§ **WORK ORDER**: Pictures should be left out while the data beneath this task is written out word for word.

§ **SUPPLIED MATERIAL**:

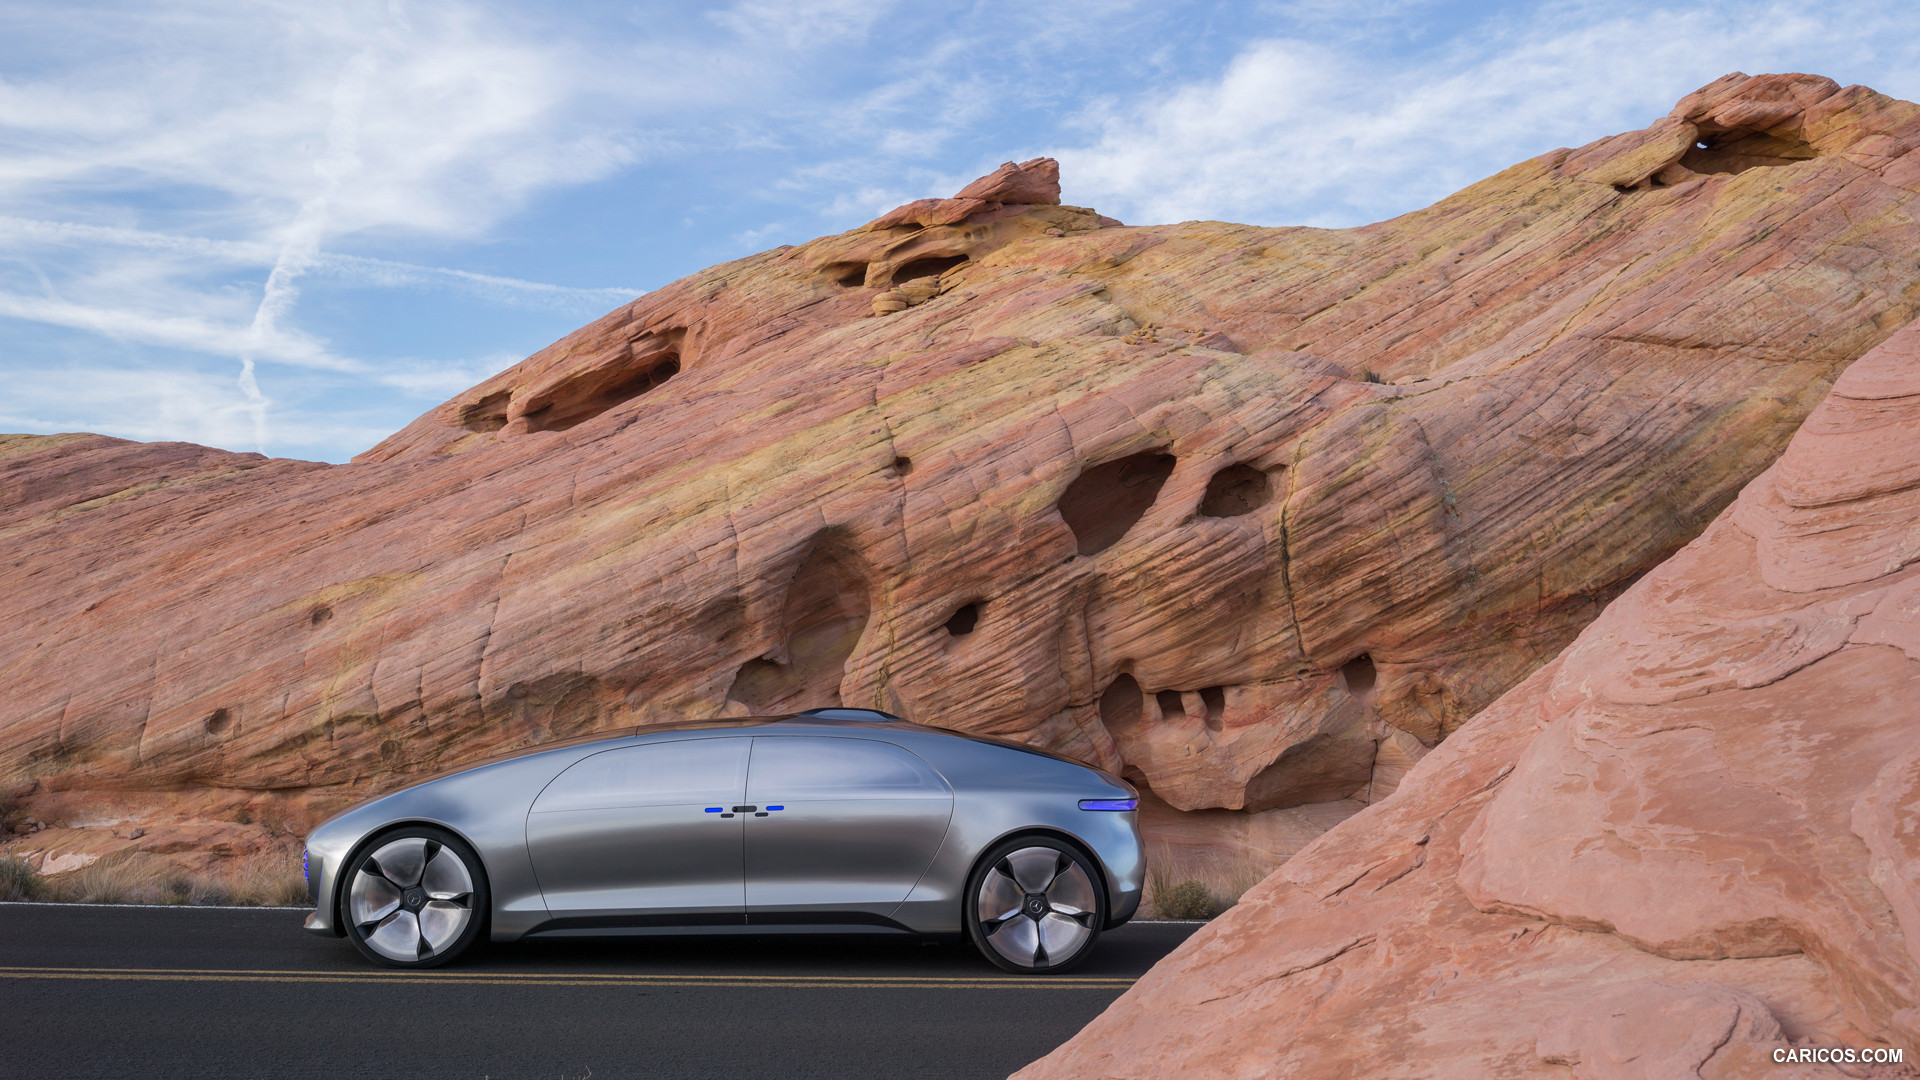 2015 Mercedes-Benz F 015 Luxury in Motion Concept  - Side, #16 of 92
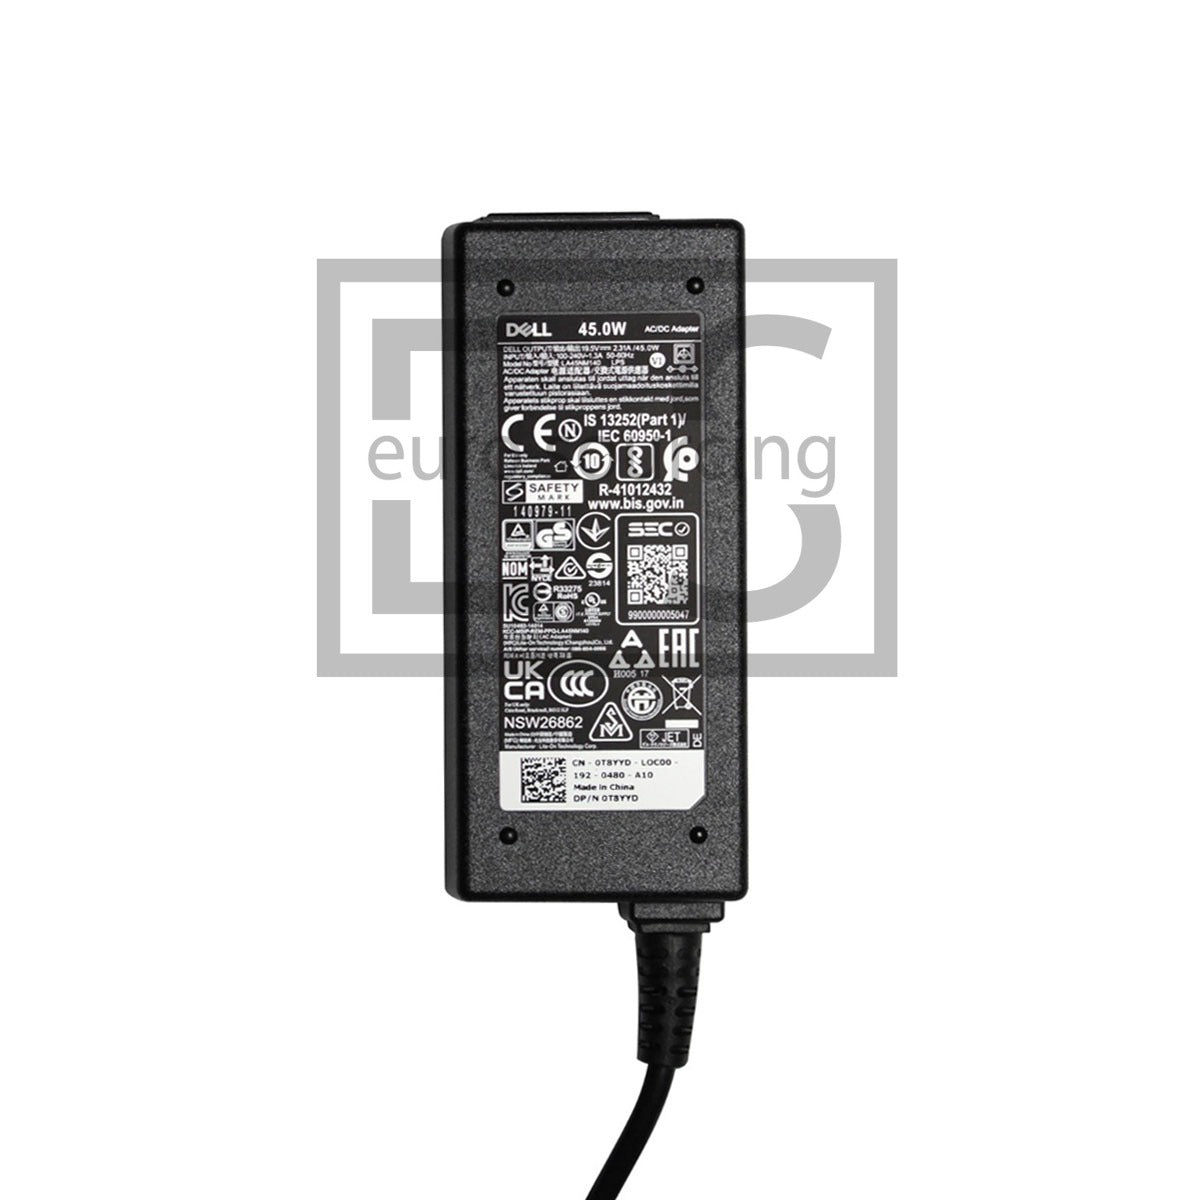 Genuine DELL 19.5V 2.31A DELC231 *ROUND* TYPE DELL BRAND 45W AC ADAPTER 4.5MM x 3.0MM Compatible With DELL INSPIRON 15 3581
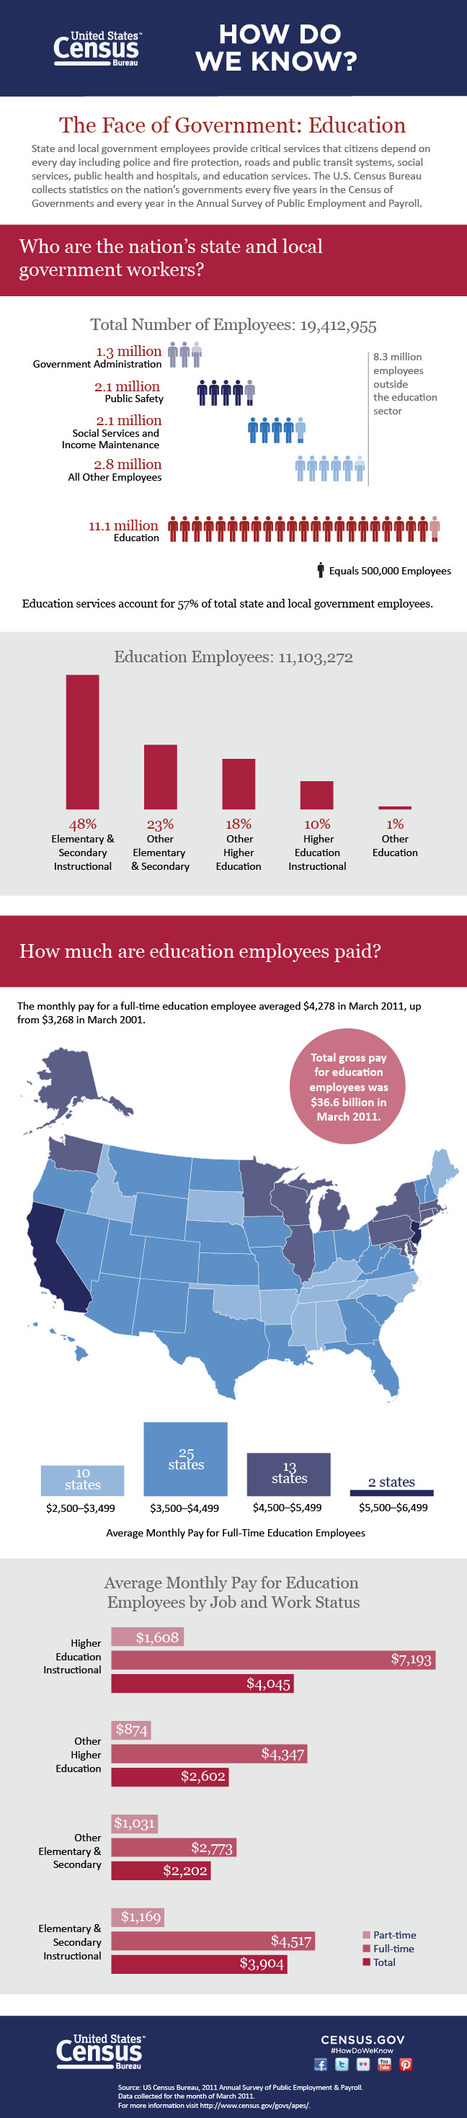 Teacher Salaries: Everything You Wanted To Know [Infographic] | 21st Century Learning and Teaching | Scoop.it

§ **WRITTEN SOLUTION**:
 2015 Mercedes-Benz F 015 Luxury in Motion Concept  - Side, #16 of 92
 Genuine DELL 19.5V 2.31A DELC231 *ROUND* TYPE DELL BRAND 45W AC ADAPTER 4.5MM x 3.0MM Compatible With DELL INSPIRON 15 3581
 Teacher Salaries: Everything You Wanted To Know [Infographic] | 21st Century Learning and Teaching | Scoop.it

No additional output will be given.